Time Complexity: Diameter of Binary Tree
O(n)
0
0
Diameter of Binary Tree in DSA Typescript - Time & Space Complexity
Understanding Time Complexity
We want to understand how long it takes to find the diameter of a binary tree.
The question is: how does the time grow as the tree gets bigger?
Scenario Under Consideration
Analyze the time complexity of the following code snippet.
function diameterOfBinaryTree(root: TreeNode | null): number {
let diameter = 0;
function depth(node: TreeNode | null): number {
if (!node) return 0;
const left = depth(node.left);
const right = depth(node.right);
diameter = Math.max(diameter, left + right);
return 1 + Math.max(left, right);
}
depth(root);
return diameter;
}
This code finds the longest path between any two nodes in a binary tree by calculating depths recursively.
Identify Repeating Operations
Identify the loops, recursion, array traversals that repeat.
- Primary operation: Recursive calls to visit each node once.
- How many times: Each node is visited exactly one time.
How Execution Grows With Input
As the tree grows, the function visits every node once to calculate depths.
| Input Size (n) | Approx. Operations |
|---|---|
| 10 | About 10 visits |
| 100 | About 100 visits |
| 1000 | About 1000 visits |
Pattern observation: The number of operations grows directly with the number of nodes.
Final Time Complexity
Time Complexity: O(n)
This means the time to find the diameter grows linearly with the number of nodes in the tree.
Common Mistake
[X] Wrong: "The function calls depth multiple times per node, so it must be more than linear."

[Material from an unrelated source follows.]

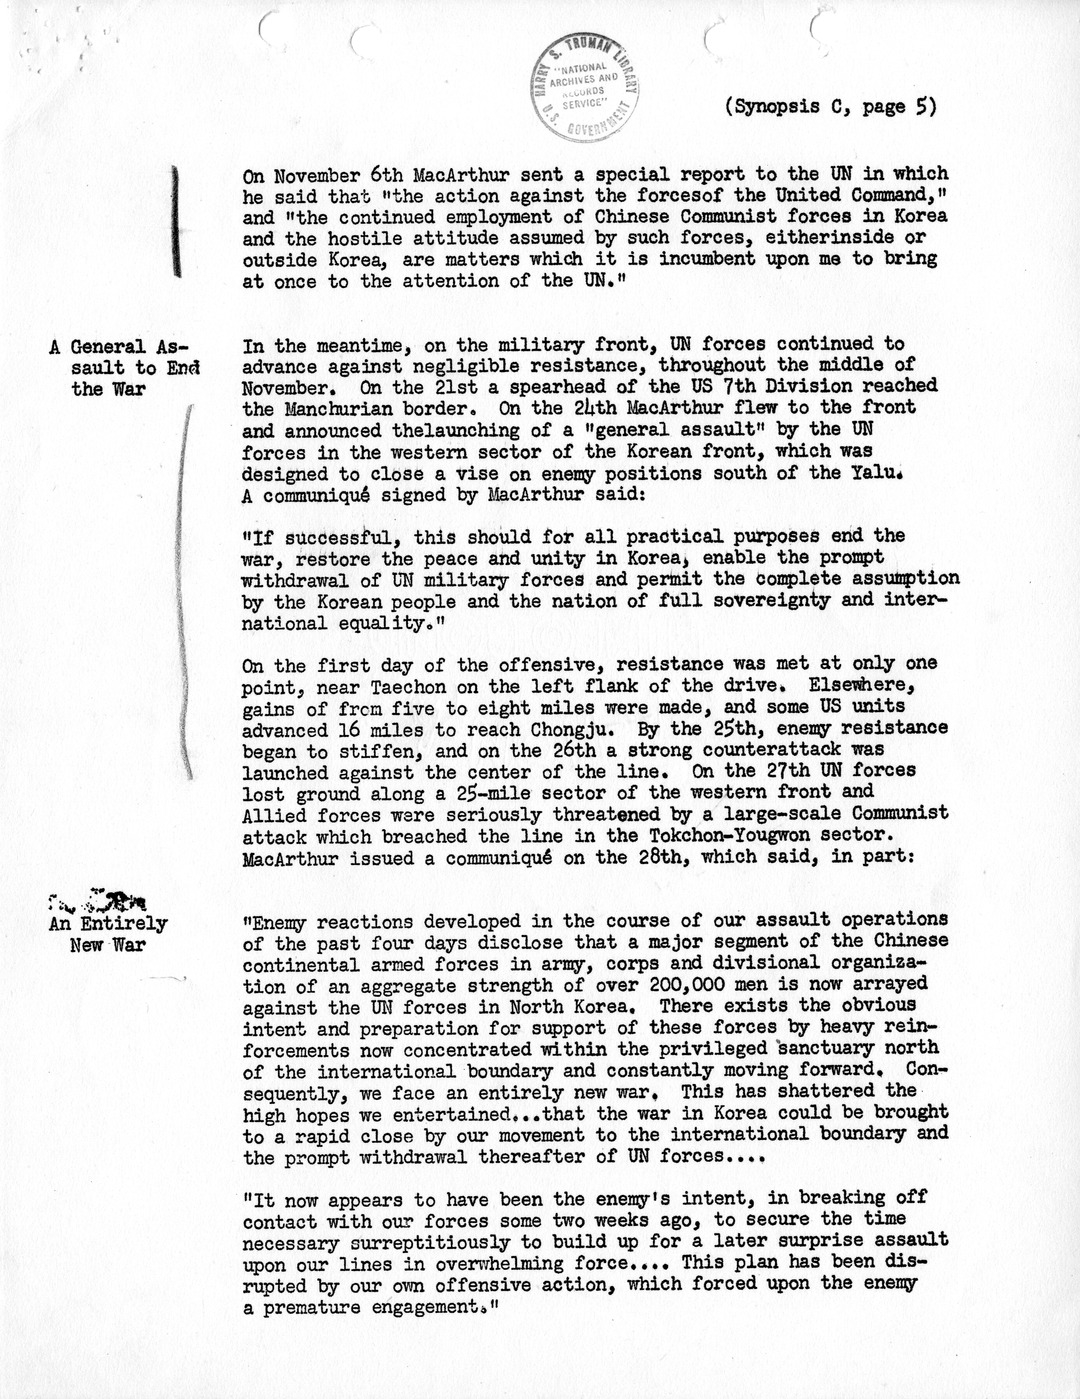 Synopsis C, Korea - Northwards to the Yalu, September-November, 1950

[OK] Correct: Each node is visited once because the recursive calls do not repeat work; results are combined on the way back.
Interview Connect
Understanding this helps you explain how recursion can efficiently solve tree problems by visiting nodes once.
Self-Check
"What if we changed the code to calculate depth separately for left and right subtrees multiple times? How would the time complexity change?"